1) Oracle DE3-24P shelf w/ 24TB Spinners: 24 × 285 MB/s = 6.84 GB/s (media-limited)
2) Oracle DE3-24C shelf w/ SSDs:
- Read: 24 × 2150 MB/s = 51.60 GB/s → capped by fabric at 36 GB/s (N=3)
- Write: 24 × 1980 MB/s = 47.52 GB/s → capped by fabric at 36 GB/s (N=3)
| Tier | Shelves | Per-shelf effective (GB/s) | Tier aggregate (GB/s) |
|---|---|---|---|
| DE3-24P (24× 24TB HDD) | 8 | 6.84 | 54.72 |
| DE3-24C (24× 7.68TB SSD) | 2 | 36.00 (fabric-capped) | 72.00 |
| Total (10 shelves) | 10 | — | 126.72 |
Scenario B: Maximum Performance
Hardware has limits, and we're looking at 8× DE3-24P w/ 18TB Mach.2 HDD + 2× DE3-24C w/ 7.68TB SSD (N=3)
Aggregate sequential bandwidth (N=3)
- Mach.2 18TB HDD shelf: 24 × 554 MB/s = 13.296 GB/s (media-limited; below 36 GB/s fabric cap)
- SSD shelf: remains fabric-capped at 36 GB/s read and write (N=3)
| Tier | Shelves | Per-shelf effective (GB/s) | Tier aggregate (GB/s) |
|---|---|---|---|
| DE3-24P (24× Mach.2 HDD) | 8 | 13.296 | 106.368 |
| DE3-24C (24× 7.68TB SSD) | 2 | 36.000 (fabric-capped) | 72.000 |
| Total (10 shelves) | 10 | — | 178.368 |
Aggregate Random R/W 4K IOPS (N=3)
Fabric-derived 4K IOPS cap per shelf (upper bound):
36 GB/s @ 4KB = approx 8.79M IOPS
- SSD shelf
- Read: 24 × 450k = 10.8M IOPs → capped to 8.79M IOPs
- Write: 24 × 95k = 2.28M IOPs → media-limited (below fabric cap)
- Mach.2 HDD shelf (4K @ QD16)
- Read: 24 × 304 = 7,296 IOPs
- Write: 24 × 560 = 13,440 IOPs
| Tier | Aggregate Read IOPs | Aggregate Write IOPs |
|---|---|---|
| 8× DE3-24P (Mach.2 HDD shelves) | 58,368 | 107,520 |
| 2× DE3-24C (SSD shelves) | 17,580,000 | 4,560,000 |
| Total (10 shelves) | 17,638,368 | 4,667,520 |
Let's See the Deltas!
What's "a delta"? Sometimes it's the headwaters of a bay, where the river distributes across a flood-plane into many separately-unified channels, eventually giving way to deeper waters and.... no no not that kind.
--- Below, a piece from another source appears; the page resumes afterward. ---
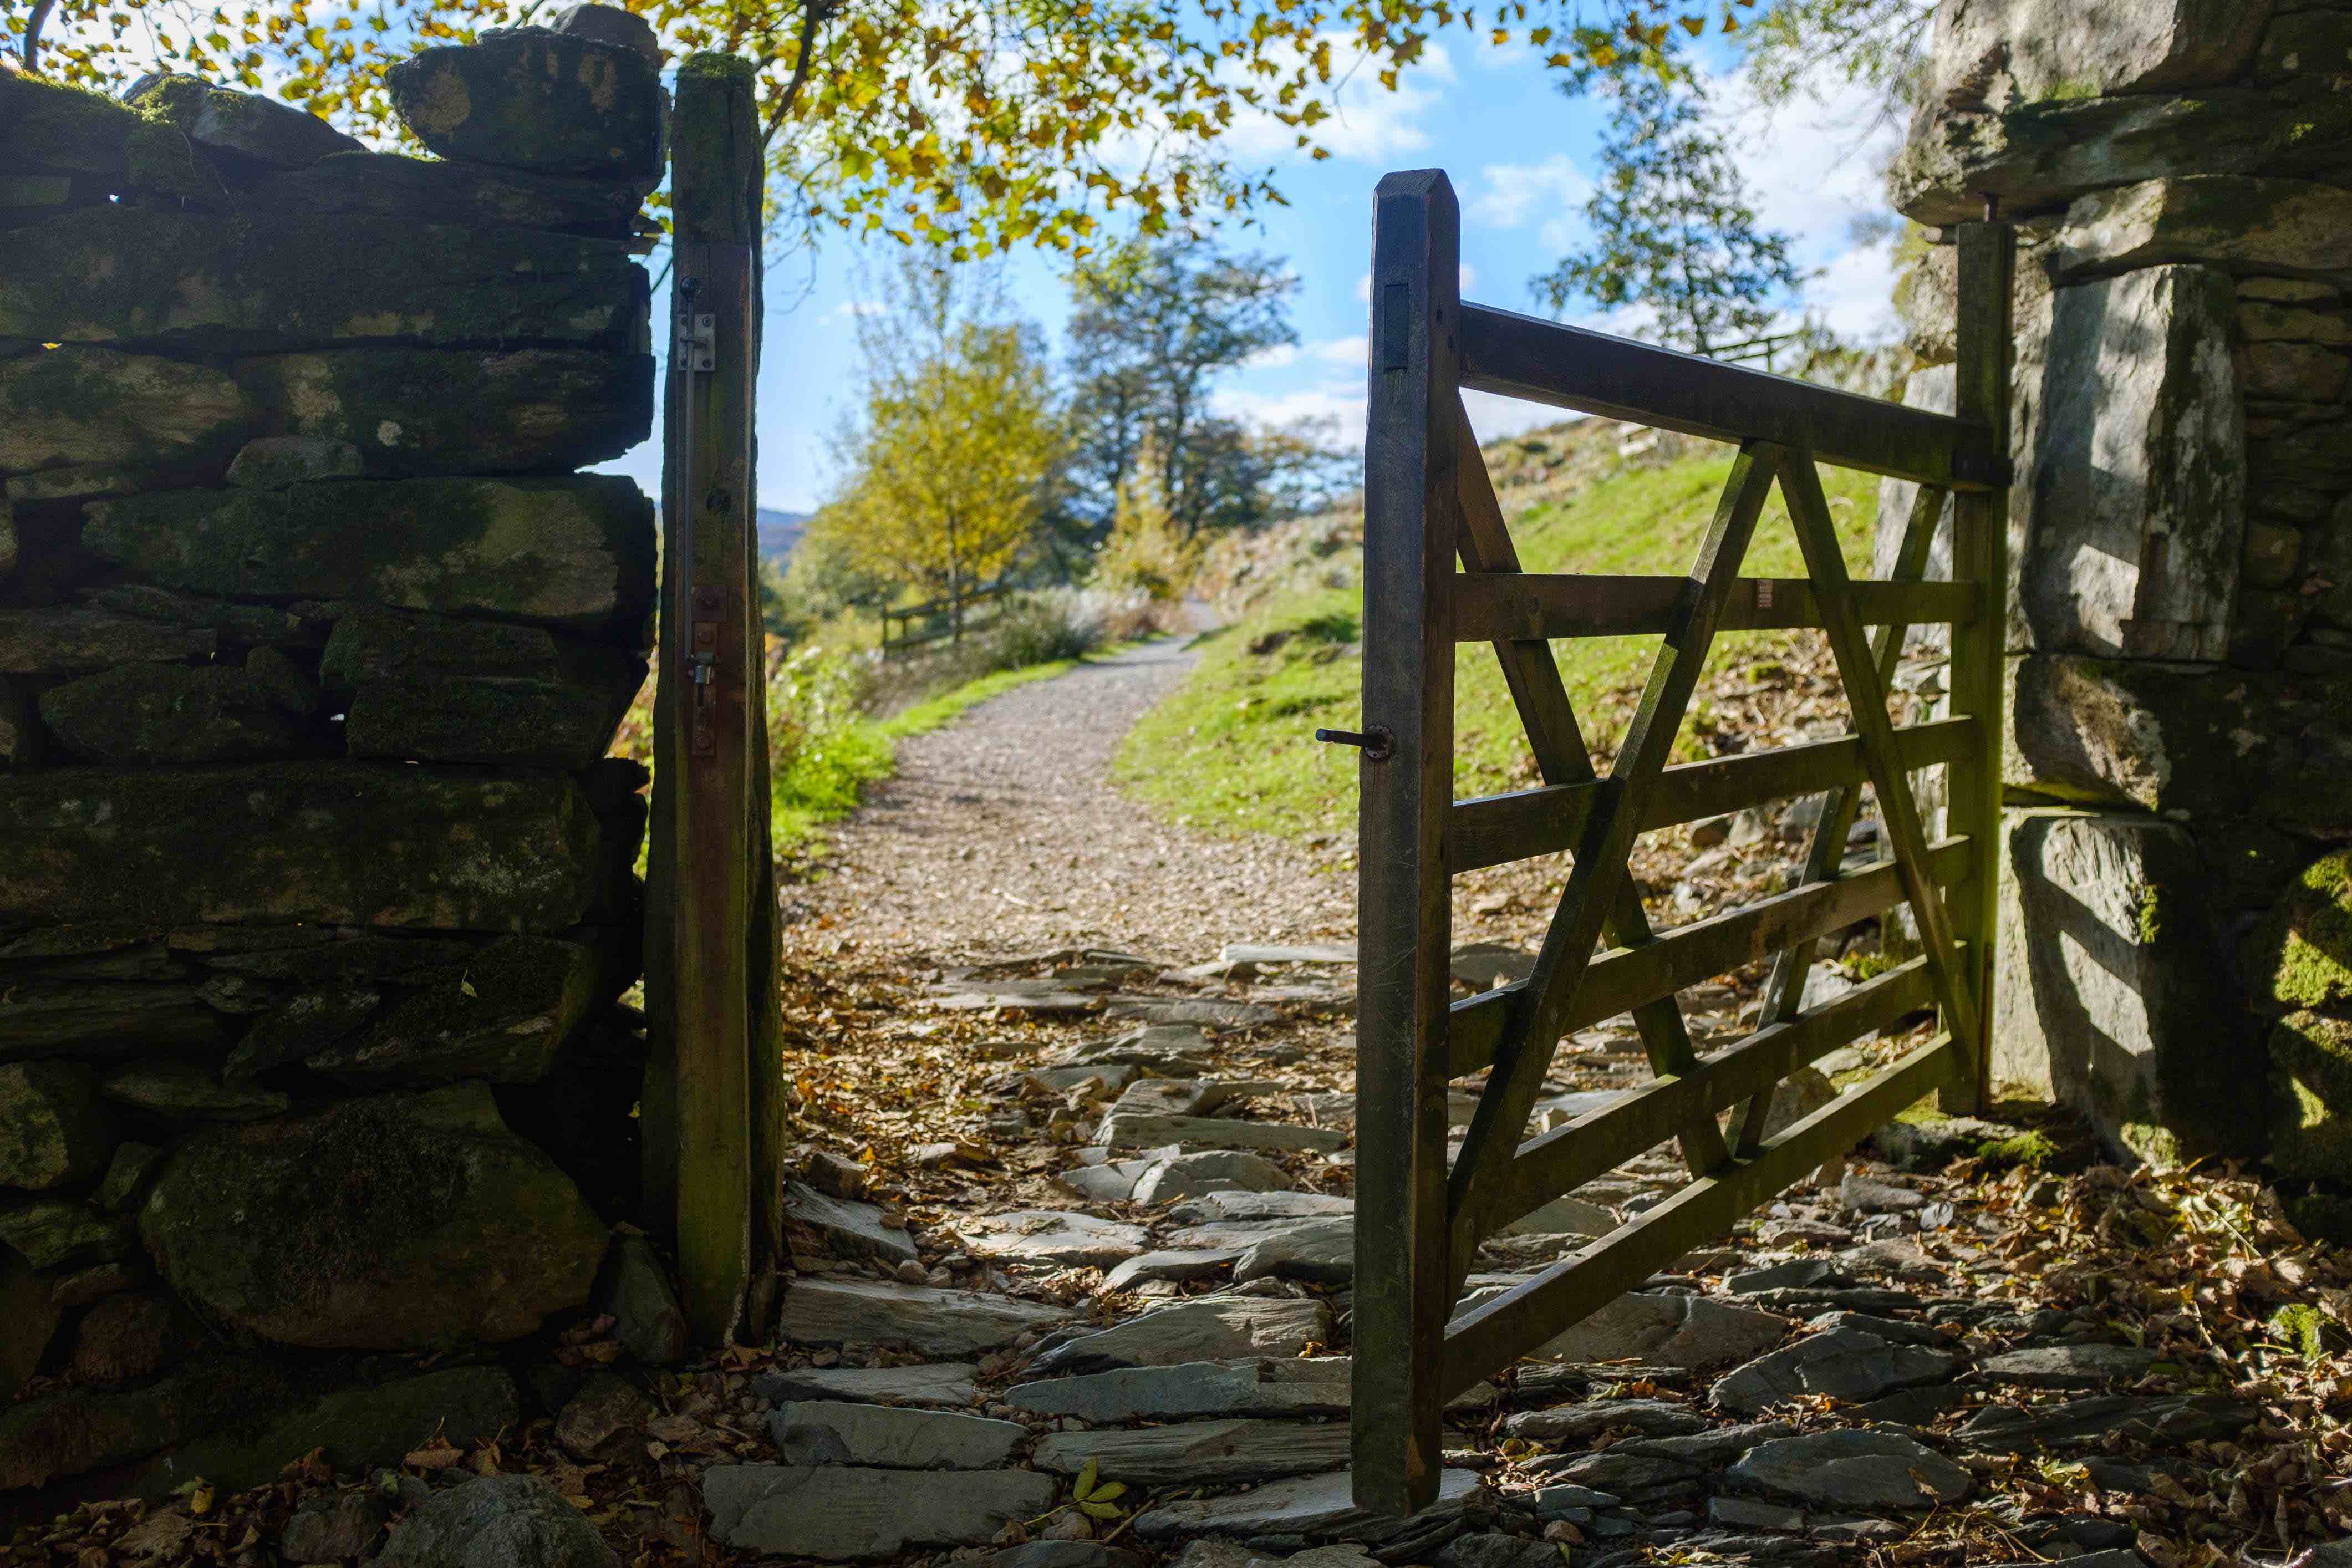 an open wooden gate connecting a dry stone wall with greenery in the background

Delta as a value in storage is often used as a marker to show the differential of two functions which indicates directional change. At least, that's what comes from my brain while I sit here having an ice cream sandwich, but it has some alternate terminology which applies irrespective of ice cream hour:
Delta uppercase Δ, lowercase δ
Uppercase: a change of any changeable quantity
Lowercase: the central difference for a function
~ The discriminant of a polynomial equation or symmetric difference of two sets
~ The determinant of the matrix of coefficients of a set of linear equations
Scenario B vs Scenario A (with N=3)
- Total sequential BW: 126.72 → 178.368 GB/s (increase +51.648 GB/s)
- Primary determinant: per-shelf BW 6.84 → 13.296 GB/s (Mach.2 dual-actuator).
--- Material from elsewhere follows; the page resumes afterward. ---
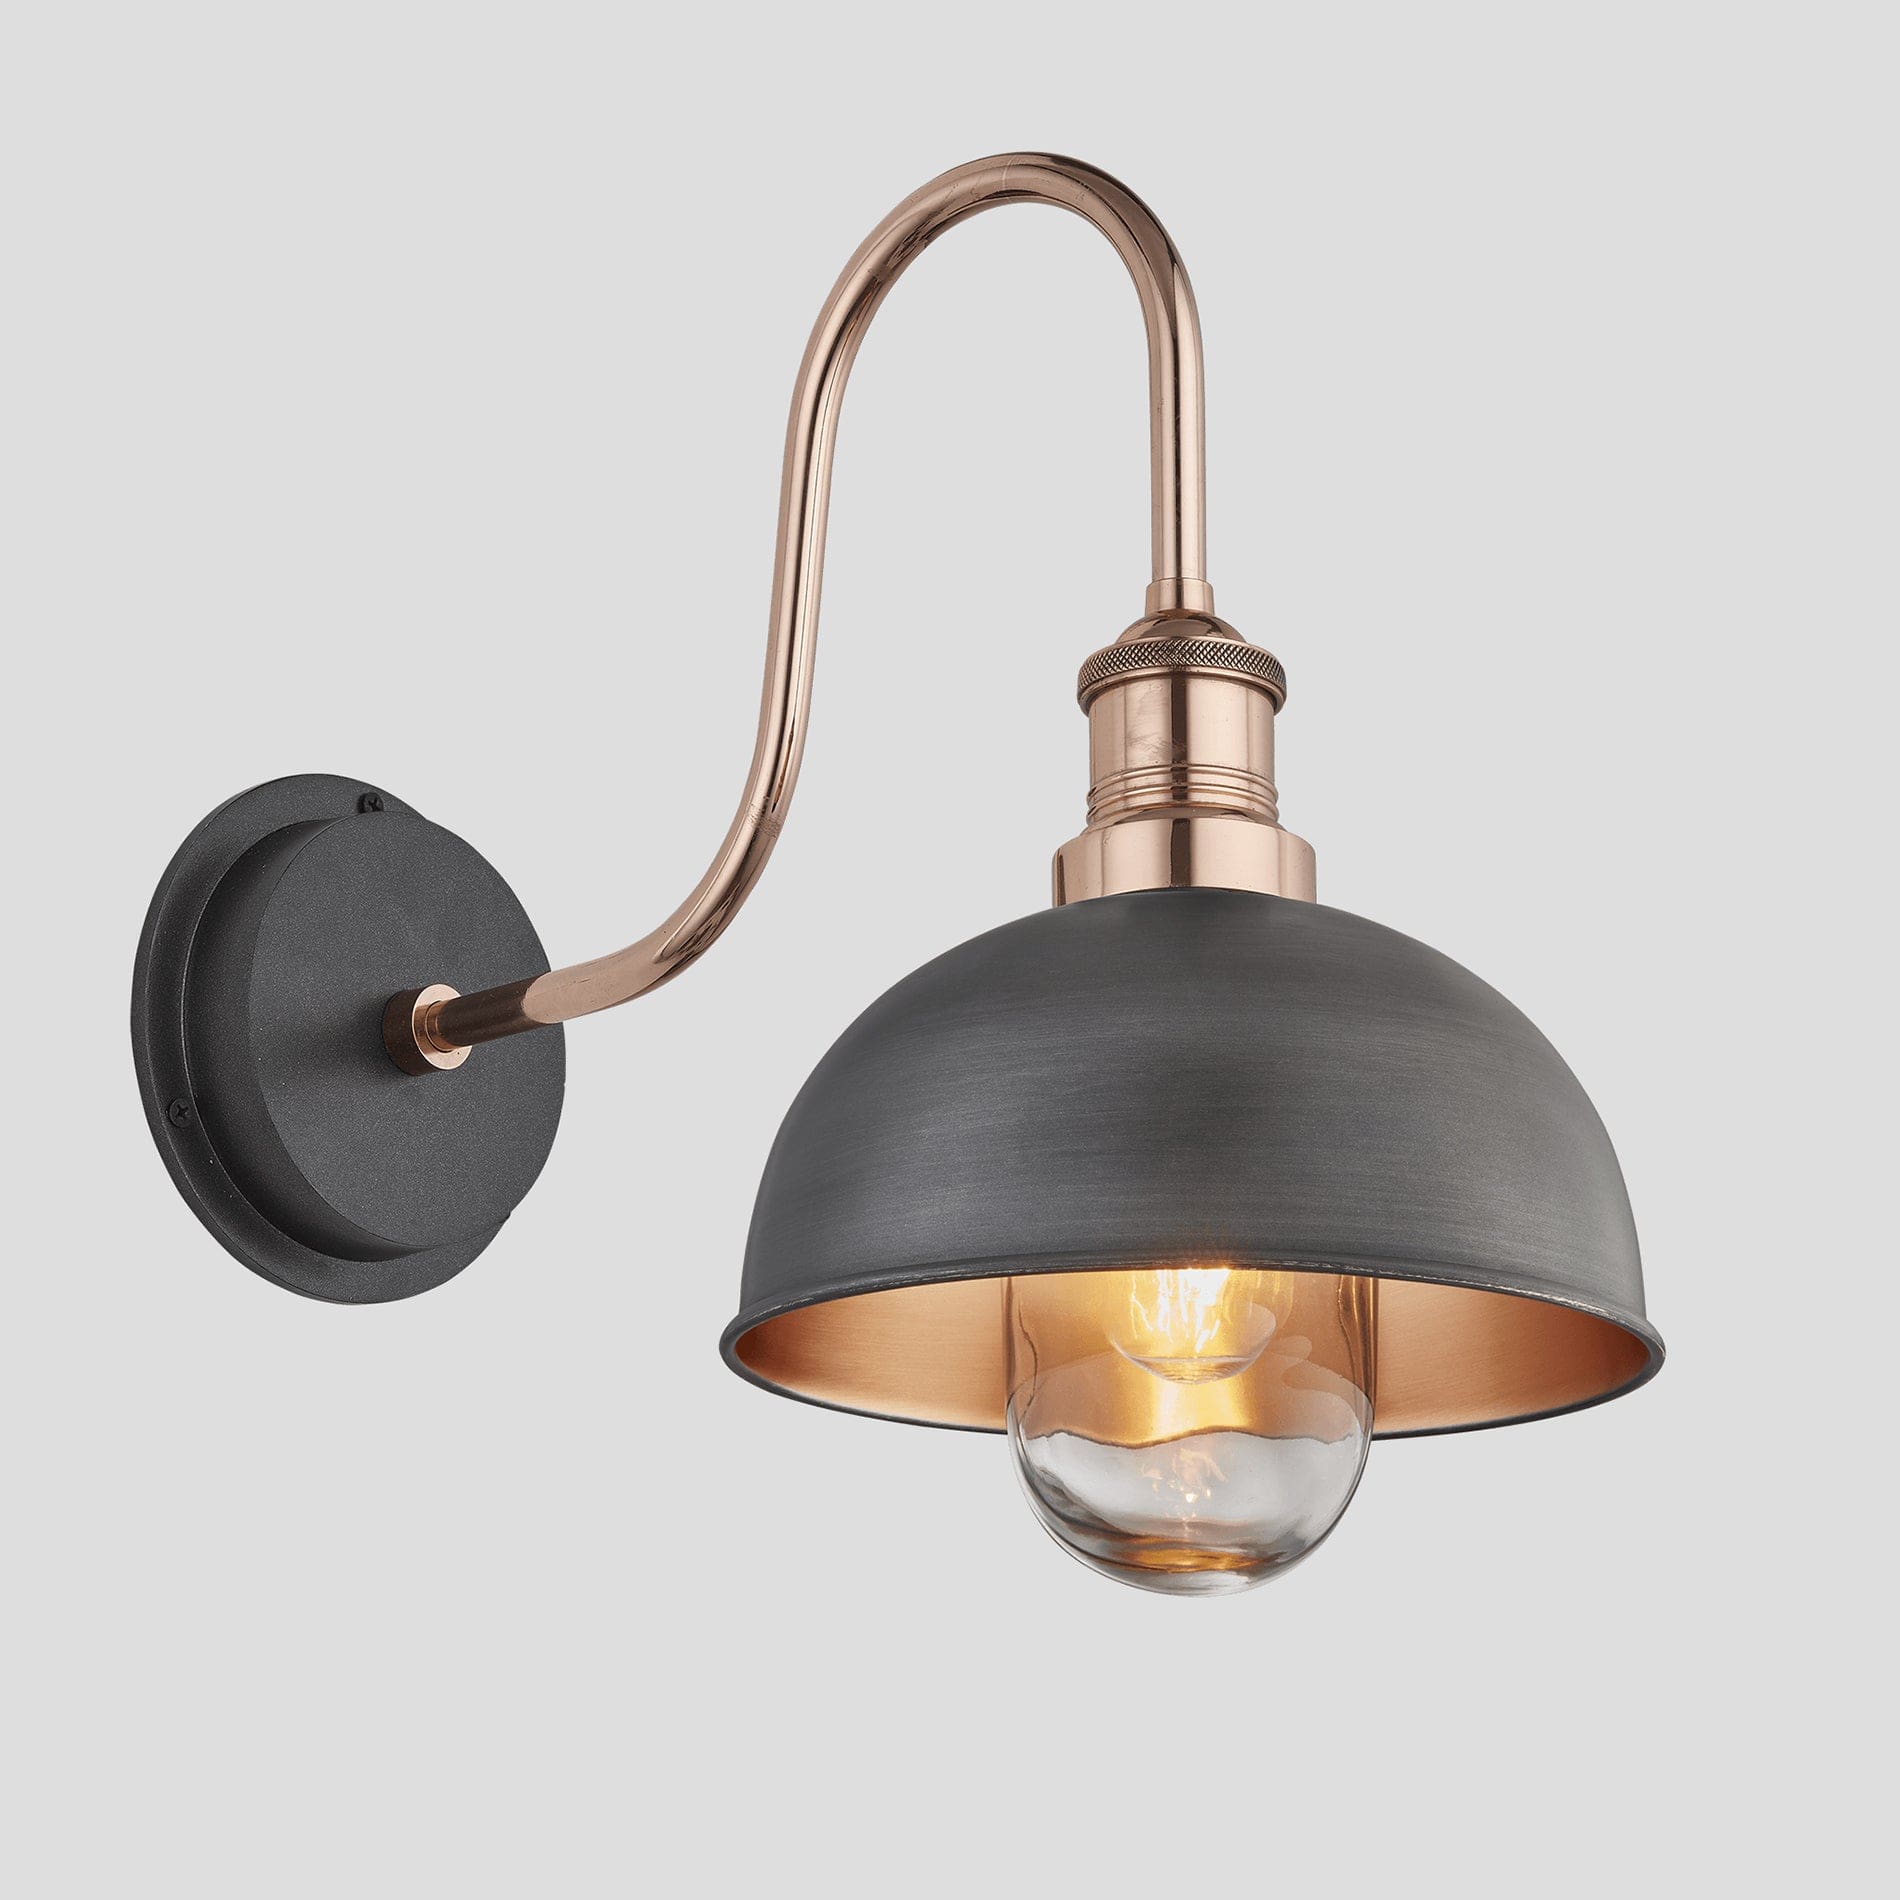 Swan Neck Outdoor & Bathroom Dome Wall Light - 8 Inch - Pewter & Copper Industville SN-IP65-DWL8-CP-CH

- SSD tier remains fabric-capped at 36 GB/s per SSD shelf under N=3; increasing N (or adding more independent uplinks with additional HBAs) is what changes that cap.
- Faster array = less space @ higher IOPs and BW == 178 GB/s @ 3.8PB
- Larger array = more space @ lower IOPs and BW == 126 GB/s @ 4.9PB
Equations w/ decimal units: 1 TB = 1000 GB
- jaja usually we work in 1024 (but I'm tired today, so not right now)
t_1TB(s) = 1000 / BW_GBps
t_full(s) = (Capacity_TB * 1000) / BW_GBps
t_full(hours) = t_full(s) / 3600
BW_density = BW_GBps / Capacity_TB (GB/s per TB)
= 1000 * BW_density (MB/s per TB)
| Metric | Faster array | Larger array |
|---|---|---|
| Bandwidth (GB/s) | 178 | 126 |
| Capacity (TB) | 3824 | 4976 |
| Time per 1 TB (s) | 5.62 | 7.94 |
| Full sweep time (h) | 5.97 | 10.97 |
| BW density (GB/s per TB) | 0.04655 | 0.02532 |
| BW density (MB/s per TB) | 46.55 | 25.32 |
| Density ratio (faster/larger) | 1.84× | — |
So... what's the answer? More, Faster?
Is bigger is better? Sometimes. Sometimes you need it faster. Sometimes you want both.